Mystery Chart: Bitcoin vs. Triple Q's (QQQ)
A mystery chart reveals the performance of two closely related assets: Bitcoin and the Nasdaq 100 ETF (QQQ).
- Divergence: For the past year, Bitcoin and QQQ were highly correlated, but they have recently diverged, with QQQ recovering faster while Bitcoin's performance has worsened.
- Correlation Decline: The actual correlation between Bitcoin and QQQ is at its lowest since the end of 2023, requiring a look back to the pandemic era for a period of less correlation.
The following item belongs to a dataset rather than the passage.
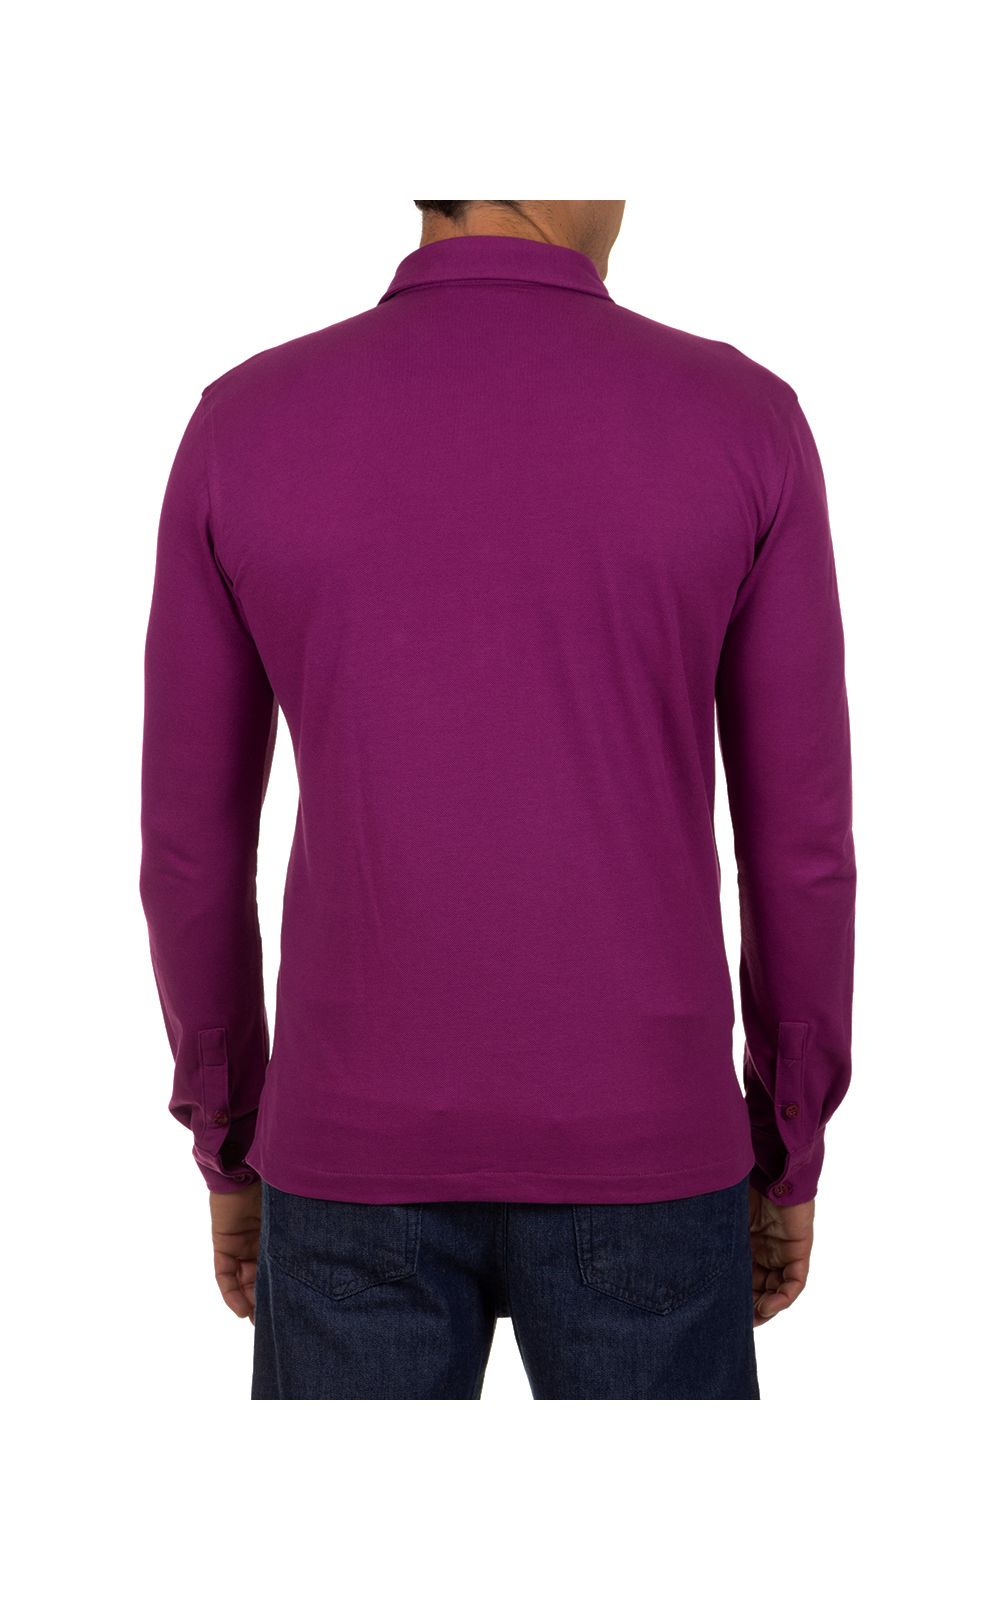 Foto 2 - Camisa Polo Masculina Roxo Lisa

- MicroStrategy (MSTR) and Vanguard: The discussion touches on MicroStrategy (MSTR) as a proxy for Bitcoin exposure. Vanguard's recent decision to allow brokerage clients to buy crypto products is seen as bullish for Bitcoin itself, but potentially negative for MSTR, as it removes the need for a proxy. This move by Vanguard is interpreted as an effort to attract the "next wave of customers" rather than catering to its existing client base, which historically prioritizes cash-flow-generating assets.
Conclusion
The episode covers a wide range of market topics, from systematic research on "broken compounders" offering cautionary tales for dip-buyers, to the resilience of tech giants like Apple, the shifting leadership in the broader market, and the challenges faced by emerging AI leaders like OpenAI. It also delves into specific investment cases for Adobe and the energy sector, and highlights the evolving relationship between traditional tech and cryptocurrencies. The overarching theme emphasizes the importance of data-driven decision-making over instinct and adapting to the dynamic nature of market cycles and technological disruptions.